Слово «младший» подействовало на Мартона, словно титул «барон» или «граф», чуточку удивило его, потом оттолкнуло, а главное, показалось глупым: «Младший!..»
Мартон положил на парту учебники, тетради и старый, кое-где «украшенный» резьбой пенал. Его подарил Отто в знак уважения к реальному училищу. Учебники и тетради он носил под мышкой, не имея даже ремня, чтобы стянуть их.
— Положи свои вещи в парту, — заметил Селеши-младший, не переставая жевать булку.
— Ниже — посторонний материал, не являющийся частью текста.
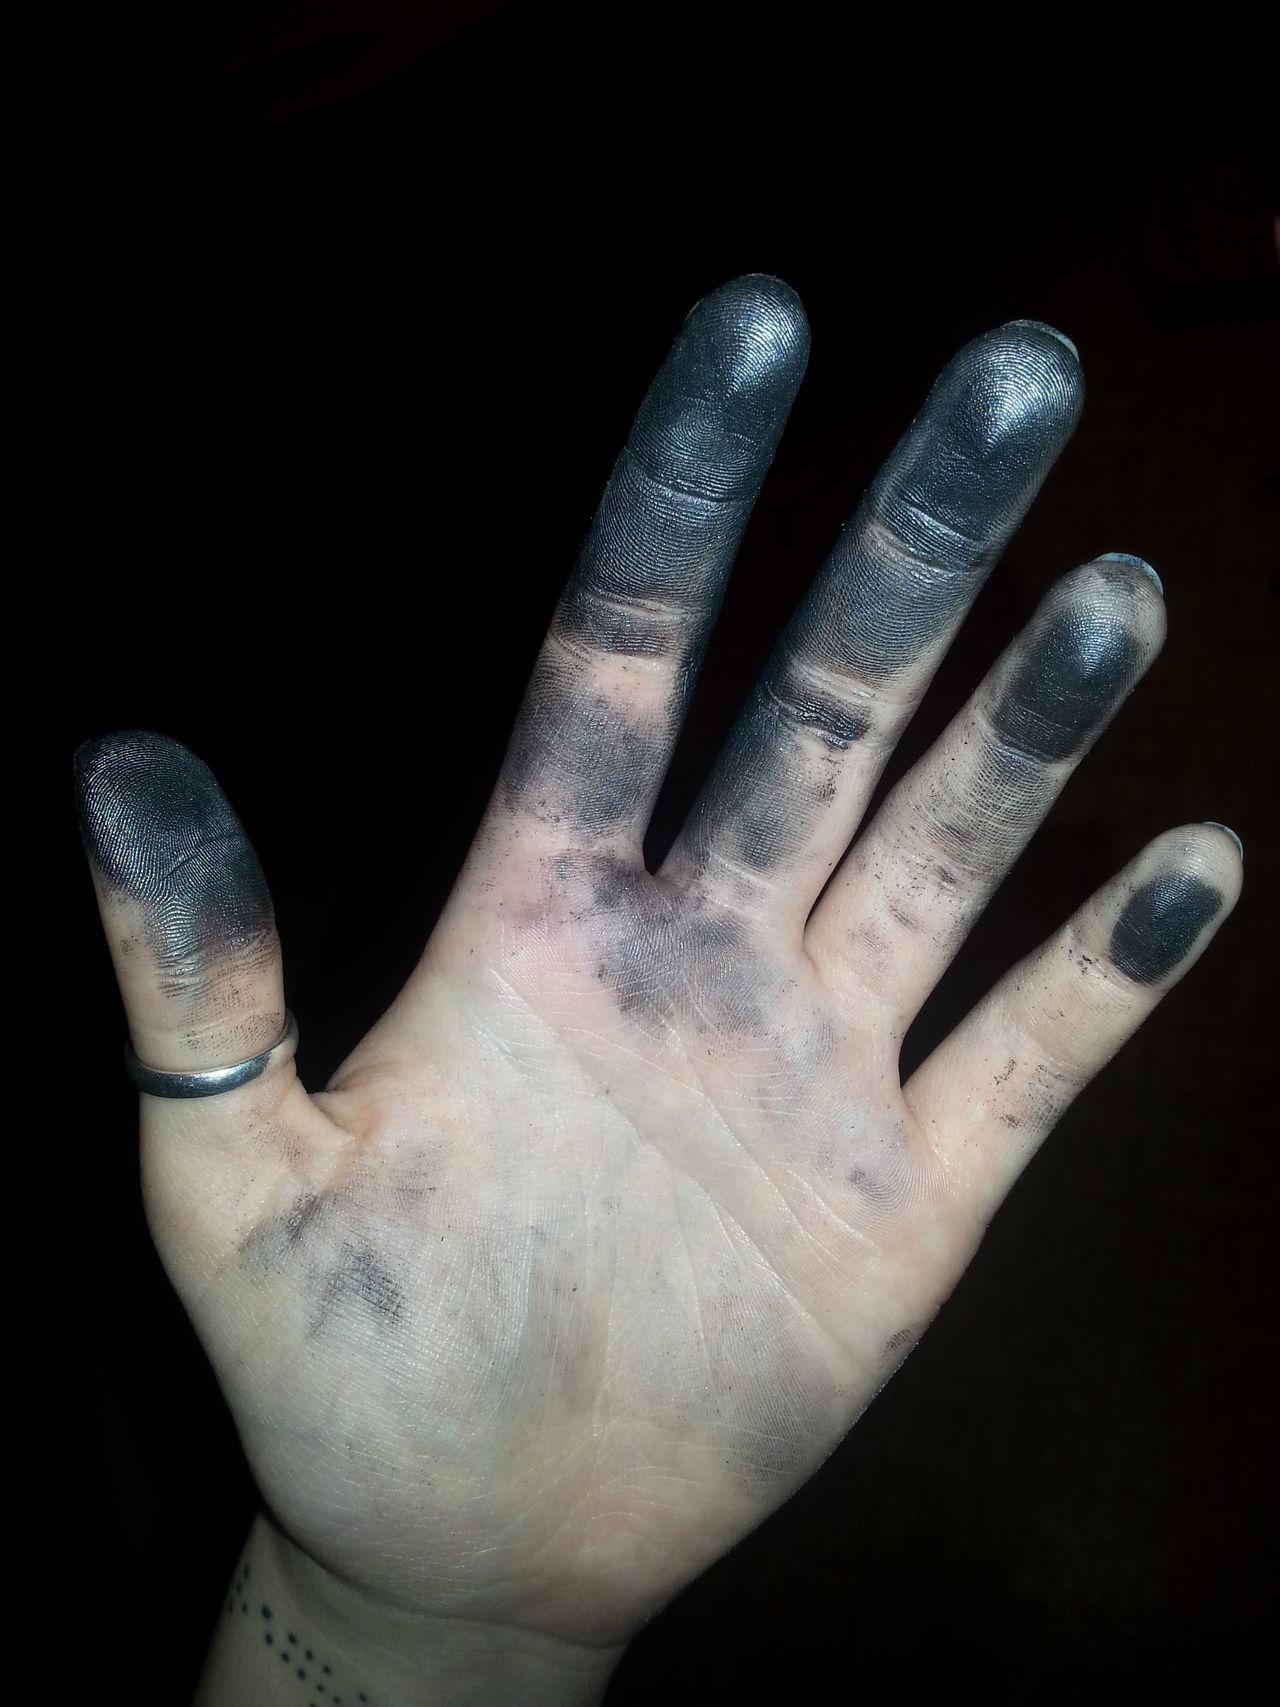 Art Black Background Close-up Crafts Glittering Graphite Human Body Part Human Finger Human Hand Studio Shot

Разглядев незнакомую, разделенную пополам парту, Мартон сразу смекнул, что ему делать. Подняв ходившую на пружине крышку, он сложил в ящик свои пожитки и снова опустил крышку, да так, что она с грохотом хлопнула.
— Хлопать не разрешается! — заметил «младший» и тут же установил, что у новичка подержанные учебники и нет ни портфеля, ни завтрака. — Хлопать запрещается!
— Да?! — спросил Мартон и, как всегда, когда ему запрещали что-нибудь, только пуще распалился. И теперь уже не мог удержаться, чтобы опять не поднять крышку и не стрельнуть ею, не хлопнуть, не грохнуть.
«Младший» выпучил глаза. Перестал жевать. Потом заботливо завернул в салфетку оставшиеся булки, поднял крышку своей парты, положил сверток в ящик и медленно опустил крышку.
— Вот как надо.
— Да?! — спросил опять Мартон. Он еще выше поднял крышку, еще быстрее отдернул руку и, когда она грохнула, удовлетворенно сказал: «Классно!» Потом широко зевнул прямо в физиономию «младшего» и скучно спросил:
— Ну как, кончил кормиться?
— Что значит «кормиться»? — возмутился сосед, но Мартон уже отвернулся от него.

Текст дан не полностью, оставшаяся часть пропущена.